In [1]:

import numpy as np
import pandas as pd
import bokeh.plotting as bp
import matplotlib.pyplot as plt
import matplotlib.animation as animation
from bokeh.models import  WheelZoomTool, ResetTool, PanTool


W = 590
H = 350
bp.output_notebook()

%matplotlib inline

# Question 1: Gradient Descent for Multiple Linear Regression

## 1.a) Gradient of given equation

>\begin{align}
\nabla \ f({\beta})& =  (1/2) \ \nabla \|Y -X\beta \| _2^2   \\ 
& = \nabla  \left(\beta^T X^T X \beta + Y^T Y - 2 \beta^T X^T Y \right) \\ 
& = (X^T X \beta - X^T Y) \\
\end{align}

## 1.b) Step size
     
We want to choose a step length that matches the maximum underlying curvature of the given cost function.

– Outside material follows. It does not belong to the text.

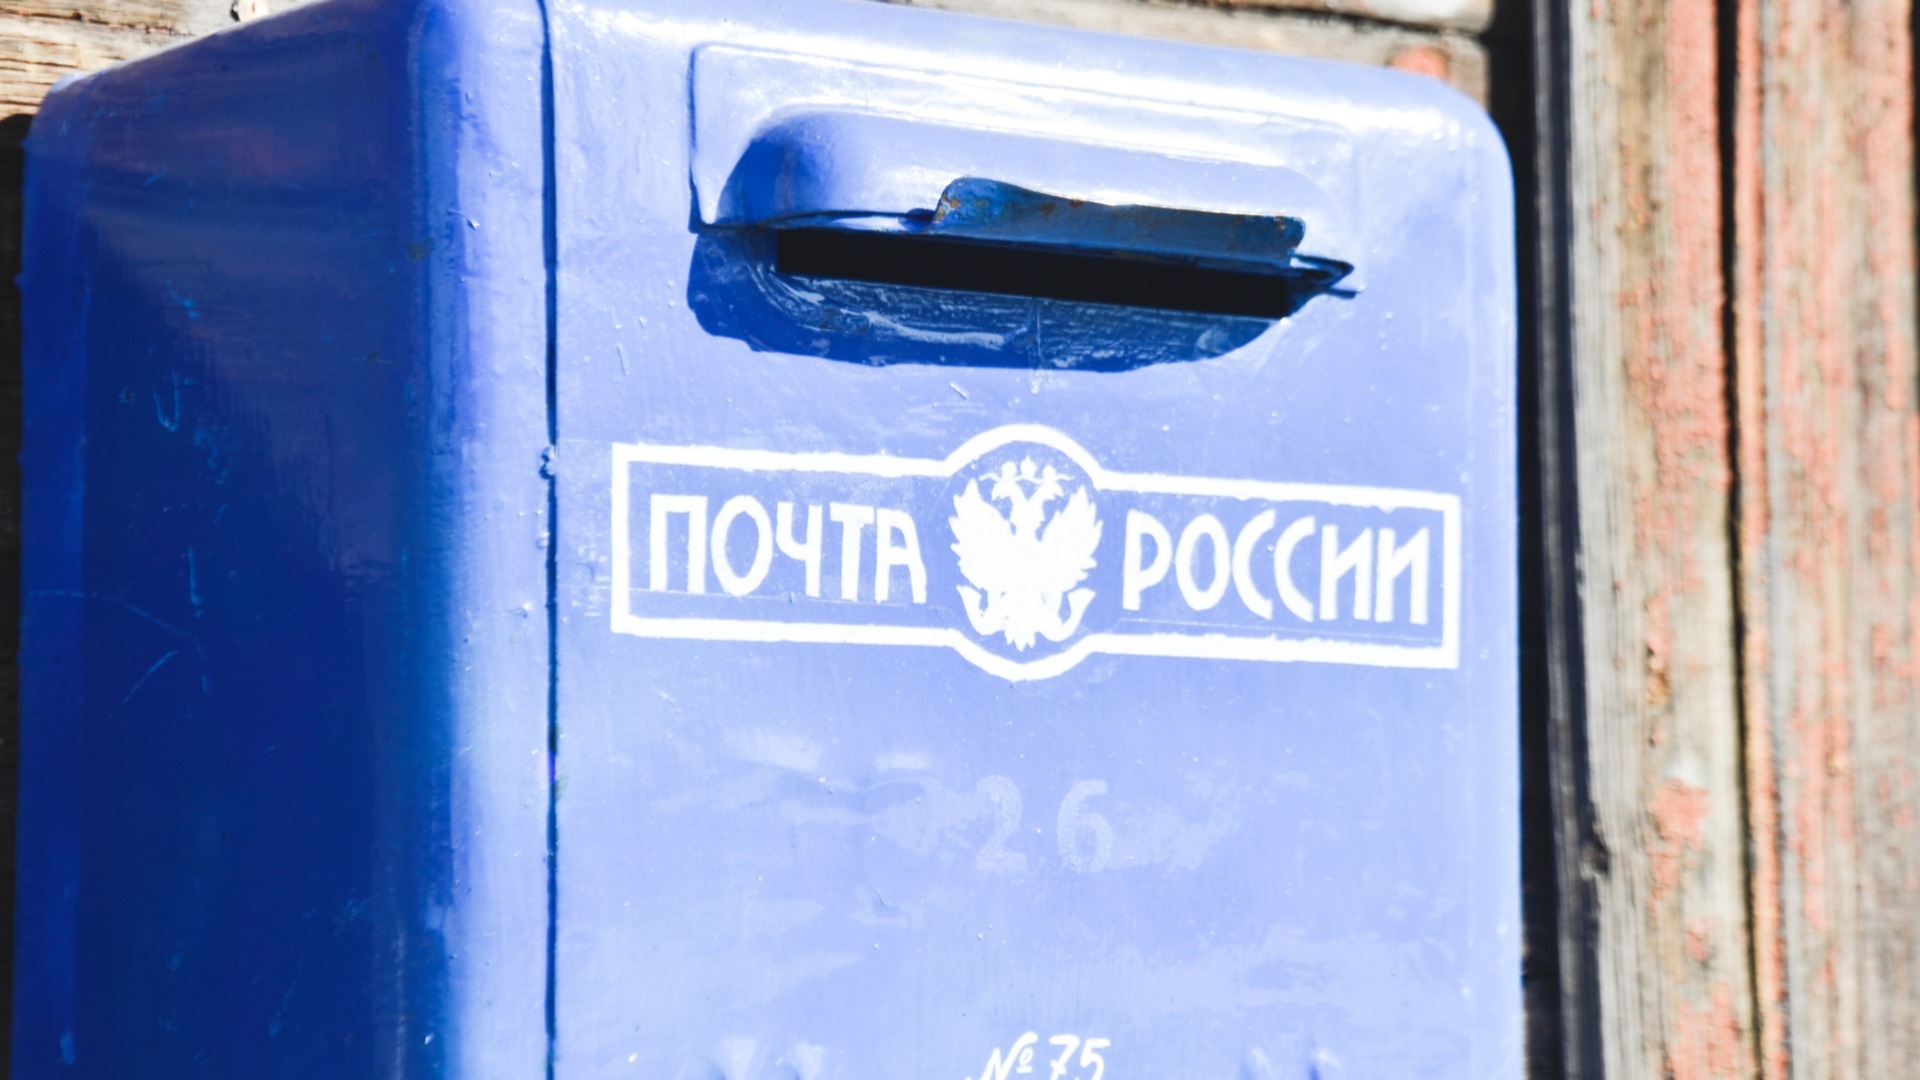 Из-за изменения ставок на «Почте России» произошли массовые увольнения — СМИ
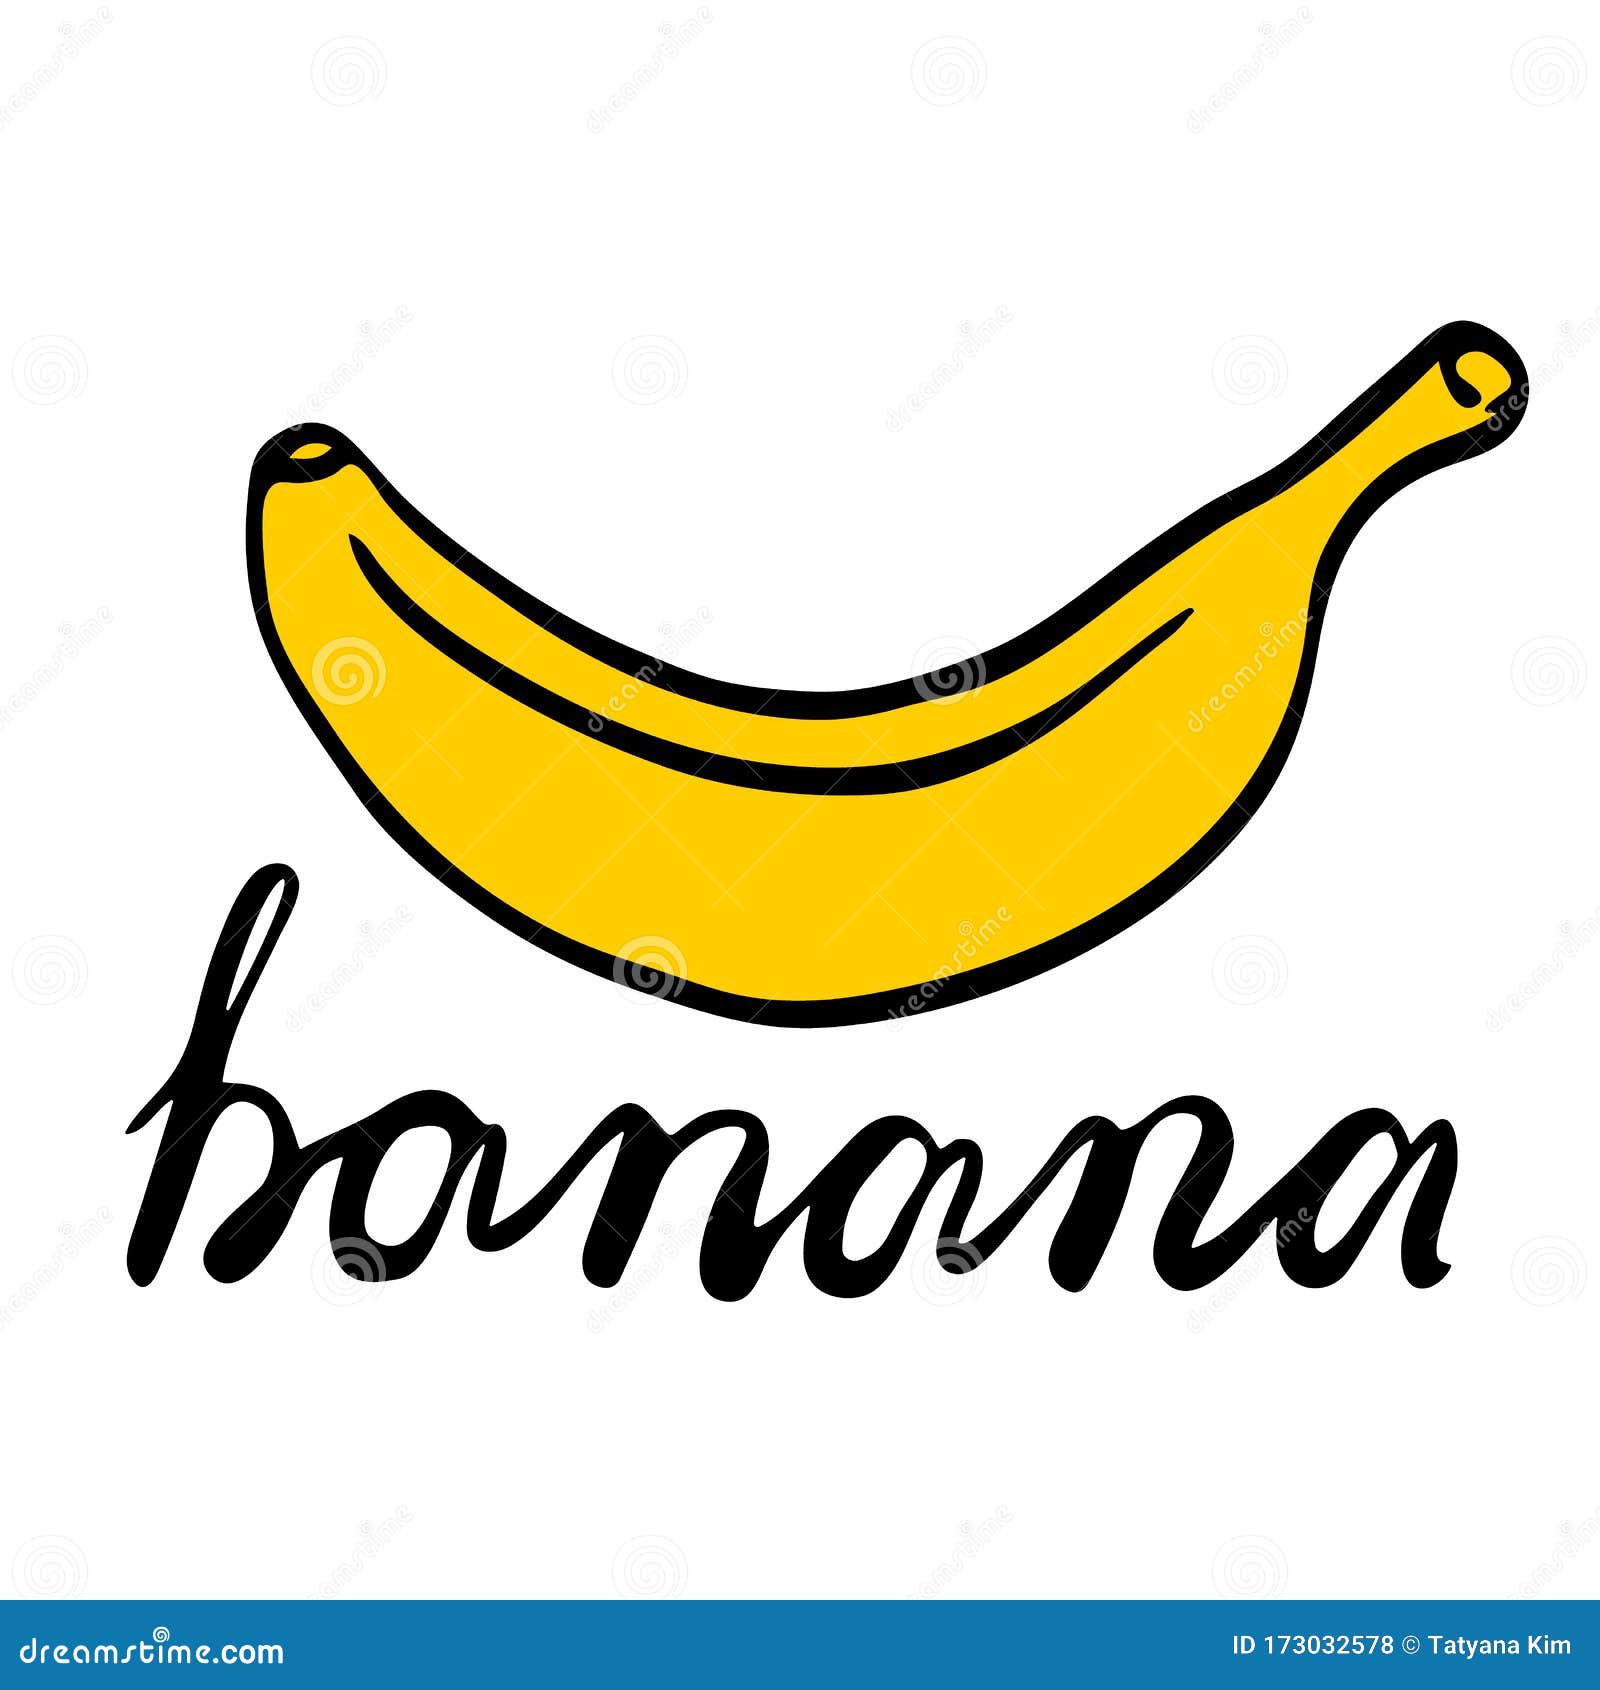 Banana Sketch Images - Free Download on Freepik

Since the function is twice differentiable and its gradient is Lipschitz continuous, the ideal value of the Lipschitz value will bound the eigenvalues of the Hessian ${X^TX}$. We will choose a step length that is equal to the largest eigenvalue of ${X^TX}$ (calculated in code below)


## 1.c) Stopping Rule
      
We will be stopping our algorithm when the improvement between two consecutive iterations is less than $0.000001$.       
      


## 1.d) MLR

In [2]:
mlr = pd.read_csv("MLR.csv", header = None)


In [3]:
#separating x & y from input data
x = mlr.iloc[:, :30].values
y = mlr.iloc[:, 30:].values.flatten()

In [4]:
def gradient_descent(x, y, iters, step):
    costs = []
    
    m = y.size # number of data points
     
    beta = np.zeros(x.shape[1] )  # random start
    
    beta_history = [beta] # to store all betas
    
    for i in range(iters):
        pred = np.dot(x, beta)
        error = pred - y 
        cost = np.sum(error ** 2) / (2 * m)
        costs.append(cost)
        gradient = x.T.dot(error)/m 
        beta = beta - step * gradient  # update
        beta_history.append(beta)
        if i>2:
            if abs(costs[i] - costs[i-1])<0.000001:
                break
        
    return beta_history, costs #, preds

Calculating Lipschitz constant for ideal step size

In [5]:
L = max(np.linalg.eig(x.T.dot(x))[0])

Assigning parameters for gradient descent calculation:

In [6]:
step = 1/L  # set step-size
iters = 5000 # set number of iterations
history, cost  = gradient_descent(x, y, iters, step)
beta = history[-1]

In [7]:
TOOLS = [WheelZoomTool(), ResetTool(), PanTool()]
x1, y1 = (zip(*enumerate(cost)))

fig = bp.figure(width=590, plot_height=350, 
                title='Loss over iterations (GD)',
                x_axis_label='Iteration',
                y_axis_label='Loss',
                tools=TOOLS )
s1 = fig.line(x1,y1, line_width=4, color='navy', alpha=0.5)
# remaining cost is tied directly to the noise of the distribution,
# ergo it's also a measure of fit
fig.title.text_font_size = '16pt'
fig.yaxis.axis_label_text_font_size = "14pt"
fig.xaxis.axis_label_text_font_size = "14pt"

bp.show(fig)


## 1.e) MSE 

In [8]:
true_beta = pd.read_csv("True_Beta.csv", header = None).values.flatten()

In [9]:
MSE = np.sum((true_beta - history[-1])**2)/30
print("Mean Squared Error: {:.4f}".format(MSE))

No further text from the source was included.